For A.I. to be democratized it actually needs to learn to be more aligned with human feedback and harmlessness.
So this also had broad implications as more HLAI and the pursuit of AGI intensifies in the years and decades to come:
AI supervision may be more efficient than collecting human feedback. It allows us to focus more on providing a small amount of legible, focused, high-quality oversight. There may also be ways for humans and AI systems to collaborate [Bowman et al., 2022] to provide better supervision than either can provide alone.

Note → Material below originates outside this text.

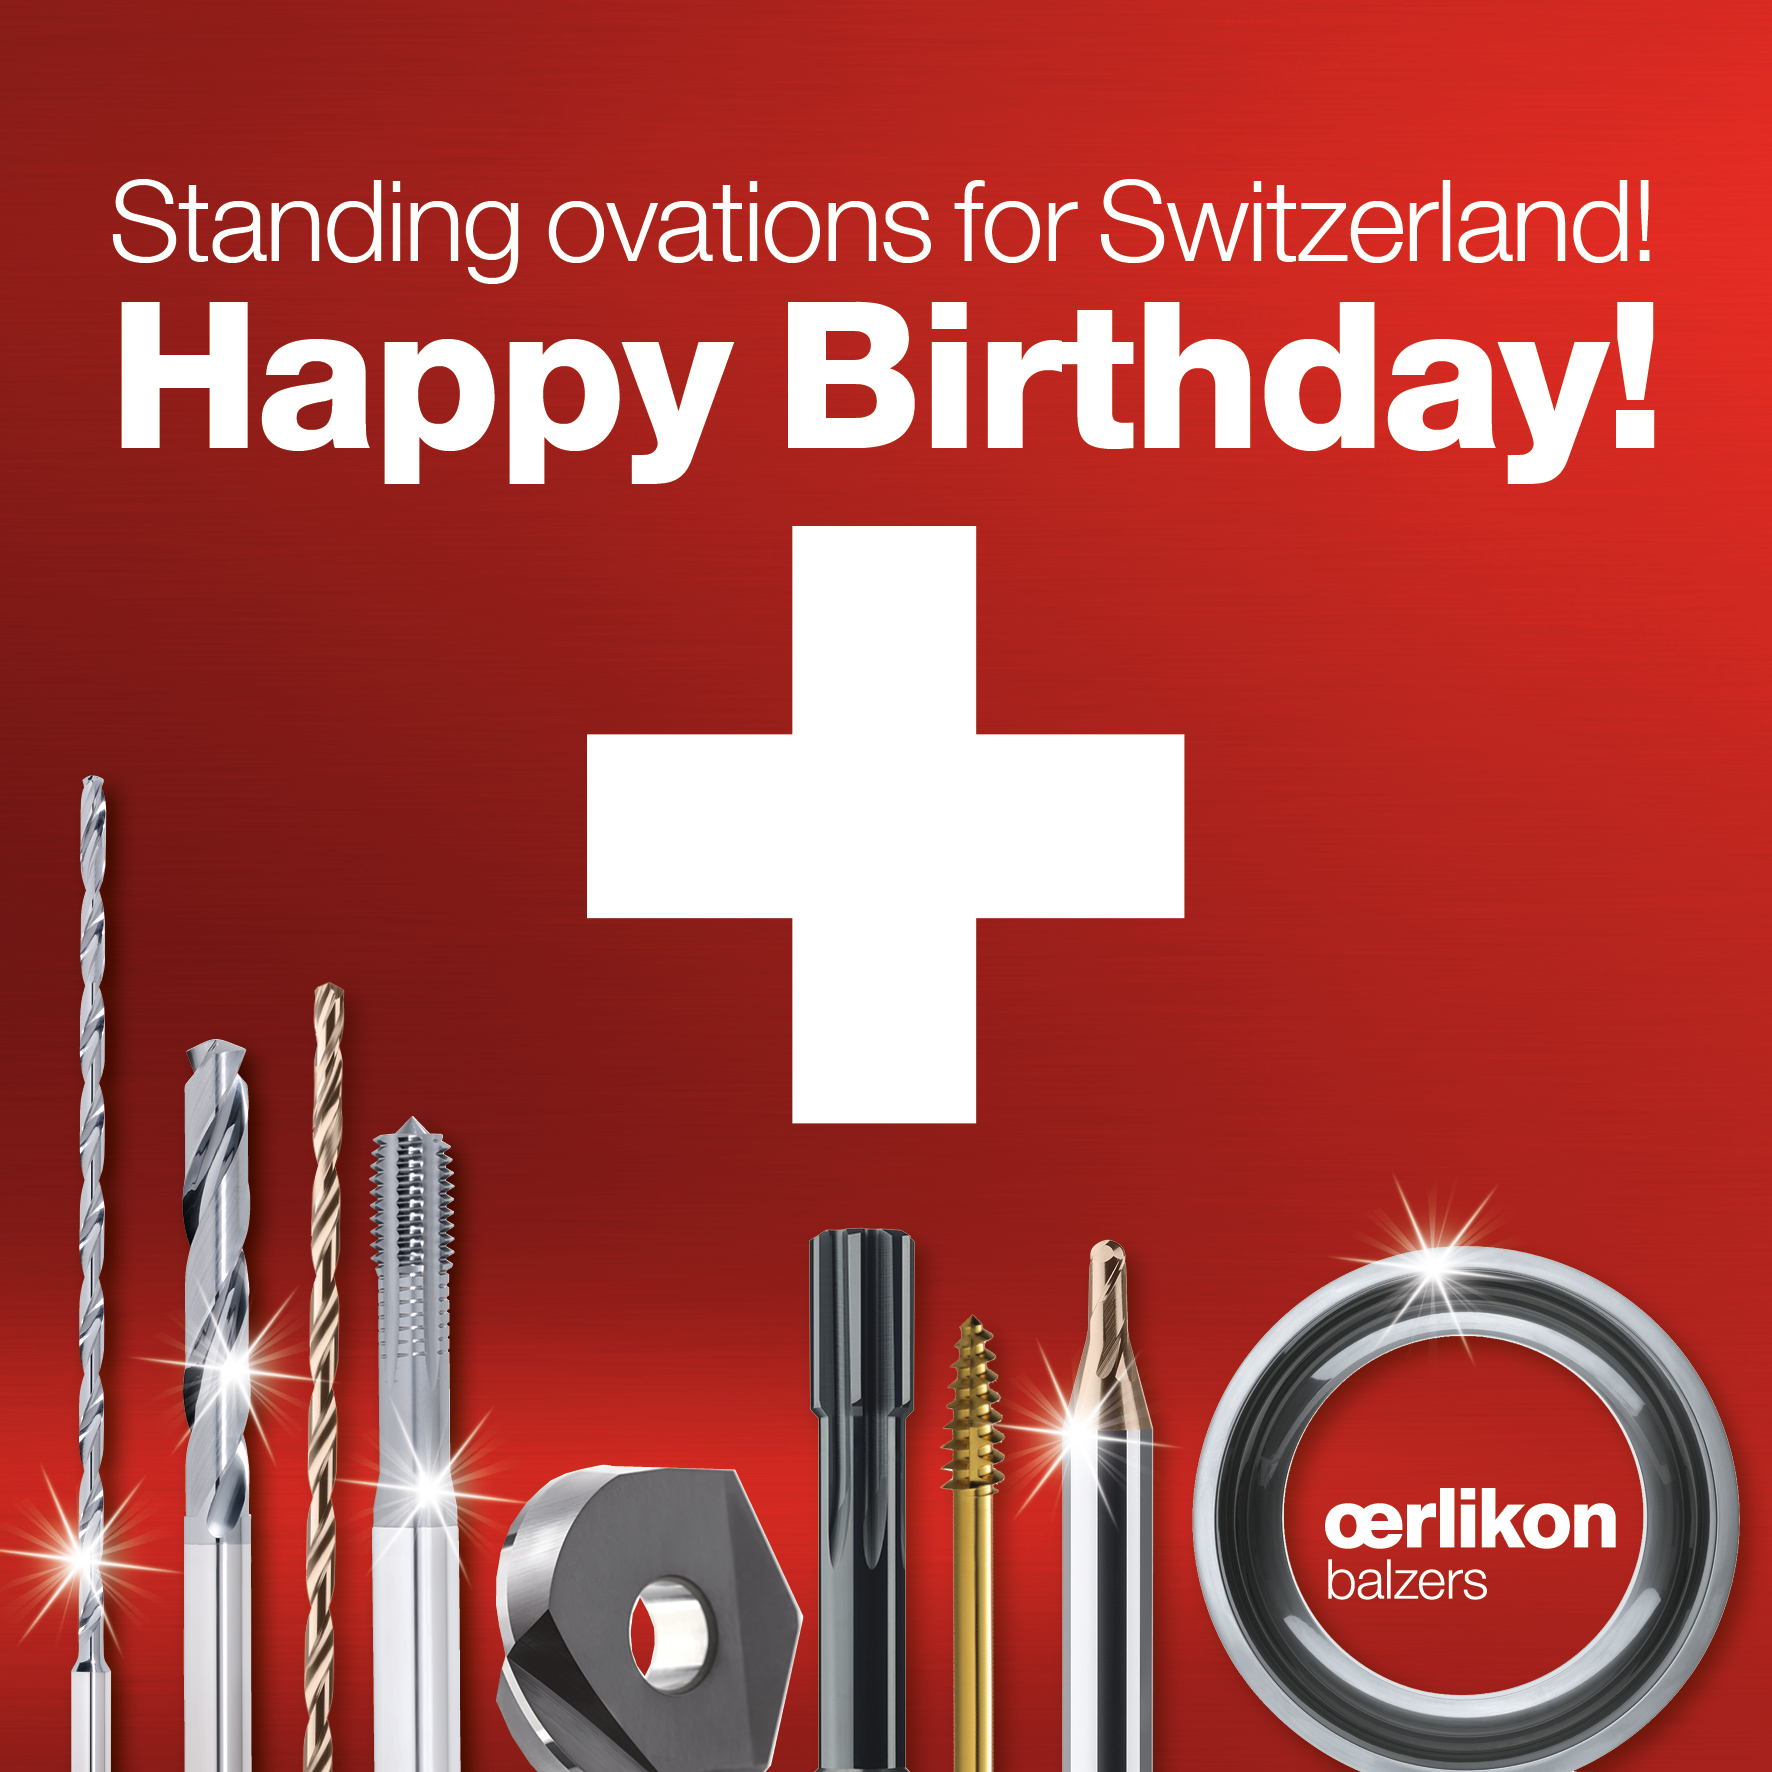 Oerlikon Balzers - Facebook Ad 3 - Nationalfeiertag Schweiz

AI systems can already perform some tasks at or beyond human level (e.g. [Silver et al., 2017]), and over time more examples are likely to emerge. We need to develop methods now that can provide oversight for these powerful AI systems, and scaling supervision may be one possibility, if the capability level of the supervisor can scale proportionally with the capabilities of the actor, and the supervisor remains aligned with our intended goals and constraints.
Dialogue
They trained language assistants that are both helpful and harmless without using human feedback labels for harmlessness. They referred to the technique as ‘constitutional AI’ (CAI) since we used a ‘constitution’ consisting of human-written principles. We established two methods:
(1) Constitutional AI which ‘bootstraps’ a helpful RLHF’s instruction-following abilities to critique and revise its own responses so as to remove harmful content, and (2) RL with model-generated labels for harmlessness, which further improves harmlessness.
They used this method to train models that are both harmless and non-evasive, partially resolving an issue in [Bai et al., 2022]. By removing human feedback labels for harmlessness, they have moved further away from reliance on human supervision, and closer to the possibility of a self-supervised approach to alignment.
RLAIF
Anthropic A.I. may be among the leaders in self-supervised RL that is aligned to human feedback. Or how do you say it? ‘RL from AI Feedback’ (RLAIF).
Imagine an A.I. that can self-train to be more aligned to humans?
Importantly Anthropic A.I. used chain-of-thought reasoning (and prompting) [Nye et al., 2021, Wei et al., 2022] to augment model performance and make AI decision making more transparent.
Important Conclusions
As we pass from prompting, to RLHF, to the constitutional methods discussed here, we lower the barrier to training AI models that behave in ways their creators intend.
This means that these methods also make it easier to train pernicious systems. The supervised methods we have discussed may be particularly accessible, since they do not require an efficient RL implementation with large language models.
A.I. is going to get better at training to be more trustworthy, safe and less harmful.
Anthropic was formed to examine: how to better understand the AI models increasingly in use in every industry as they grow beyond our ability to explain their logic and outcomes.
Research: Jared Kaplan developed the main ideas in discussion with Yuntao Bai, Amanda Askell, and Saurav Kadavath, and Jared carried out some of the initial experiments. Yuntao developed the method further and designed and carried out most of the experiments in this paper. Amanda helped develop the initial experiments, and Sandipan worked on harmlessness scores and automated generation of prompts.
Considering the big scope of things, Anthropic A.I, seems to be doing important research.
I hope this gave you a valuable glimpse into what Constitutional A.I. is and what’s going on in terms of A.I. alignment, harmfulness and making accessible A.I. more safe, transparent and ethical. I don’t pretend to be an expert in this.
Language models (LMs) have seen wide proliferation across various applications, from chatbots to code completion to writing assistants. However, the behaviors and risks of LMs are not well understood. As we enter 2023 I think this will become more apparent than ever as the lack of regulation in A.I. intersects with Generative A.I. trends.
Sort of hilarious what you find out after the fact what I didn't know when I wrote this was SBF was the lead investor in their series B. At the time I couldn't understand how they were able to fundraise so well given their obscured mission statement.